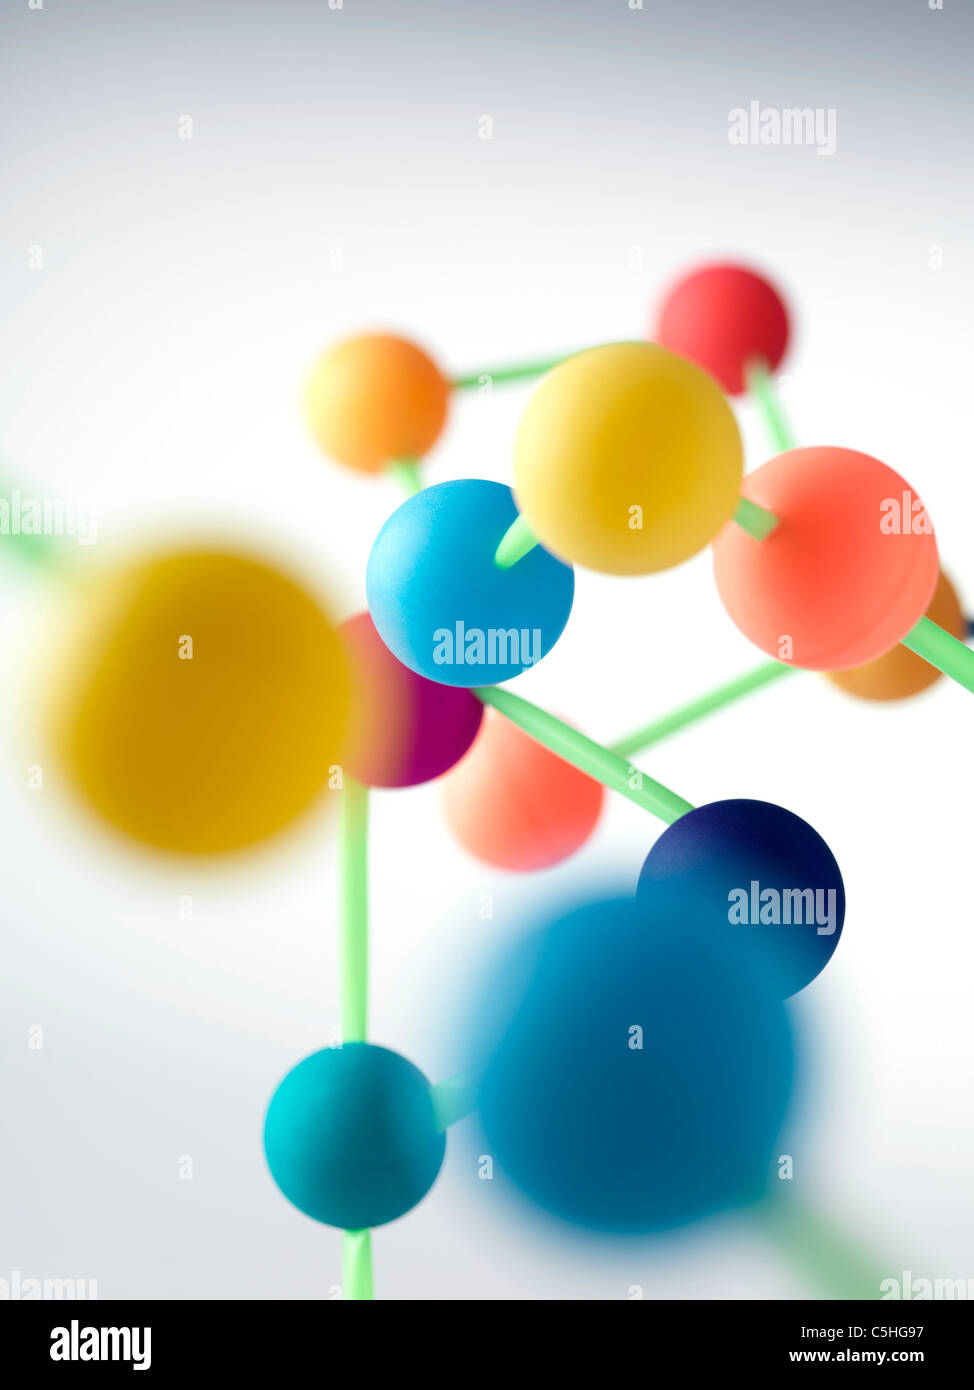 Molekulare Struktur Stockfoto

--

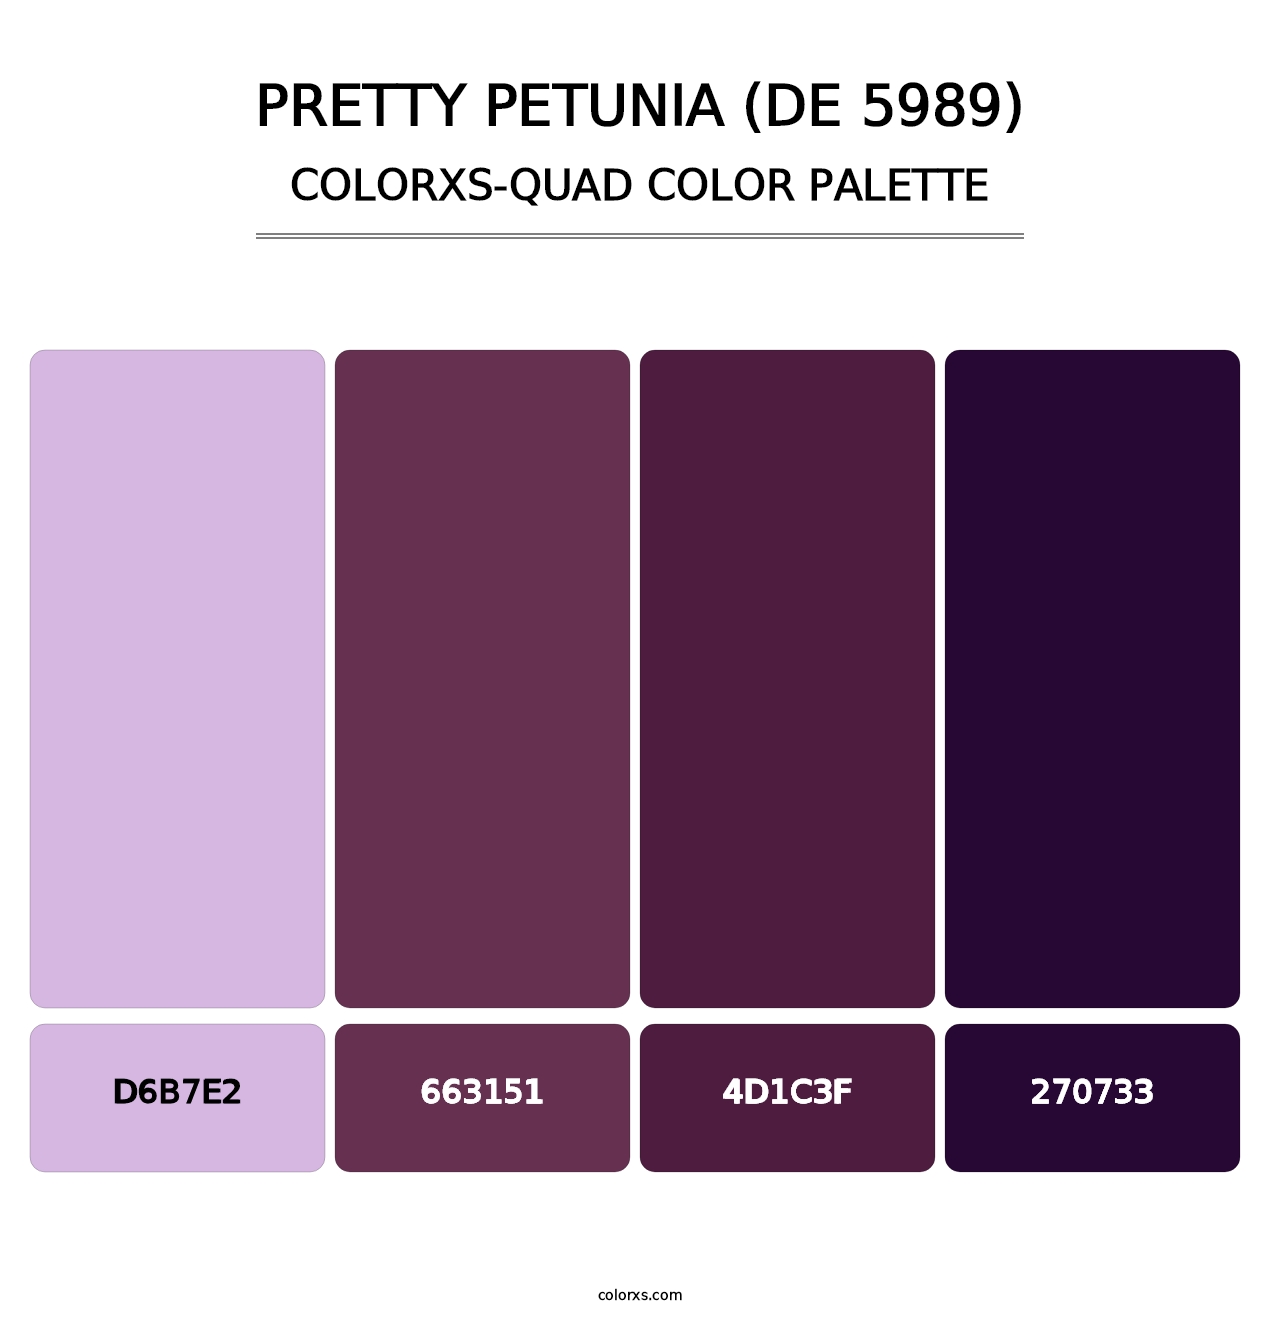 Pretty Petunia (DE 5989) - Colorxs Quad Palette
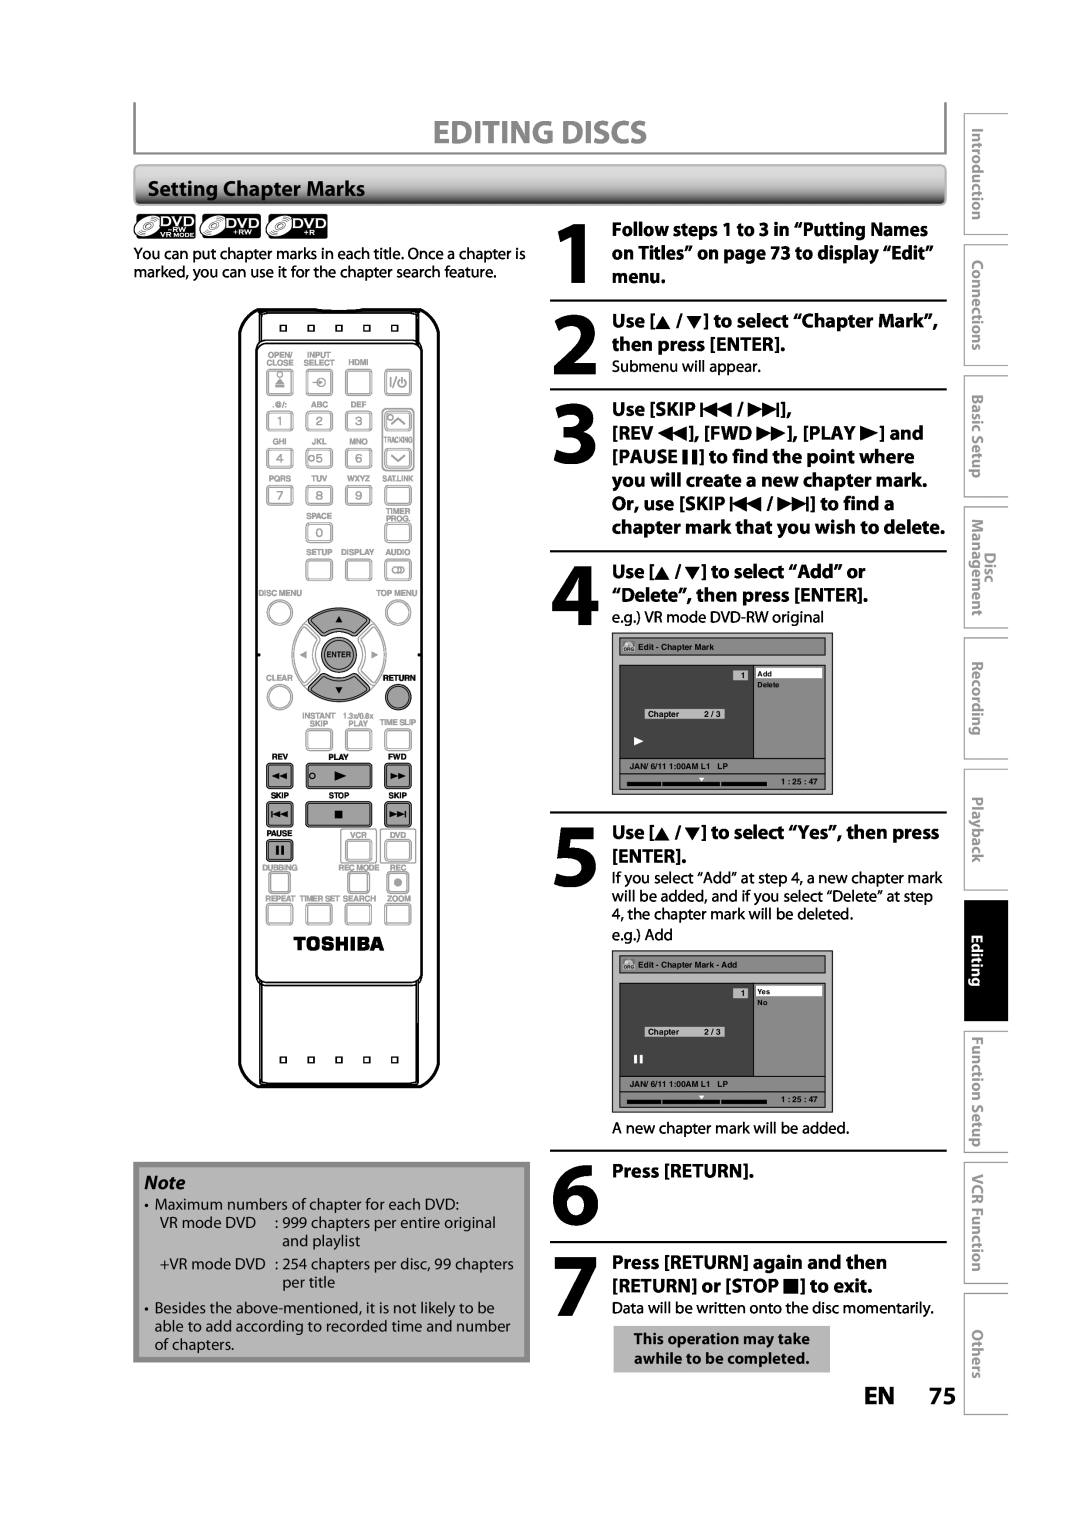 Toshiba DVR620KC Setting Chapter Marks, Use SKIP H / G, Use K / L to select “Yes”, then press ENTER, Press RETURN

◆ ABOUT THIS TASK
Pictures do not belong in the answer. Return the lines above starting at the one with "Pretty Petunia (DE" and ending at the one with "Toshiba DVR620KC Setting", both kept, exactly.

◆ ANSWER BOX
 Pretty Petunia (DE 5989) - Colorxs Quad Palette
 Toshiba DVR620KC Setting Chapter Marks, Use SKIP H / G, Use K / L to select “Yes”, then press ENTER, Press RETURN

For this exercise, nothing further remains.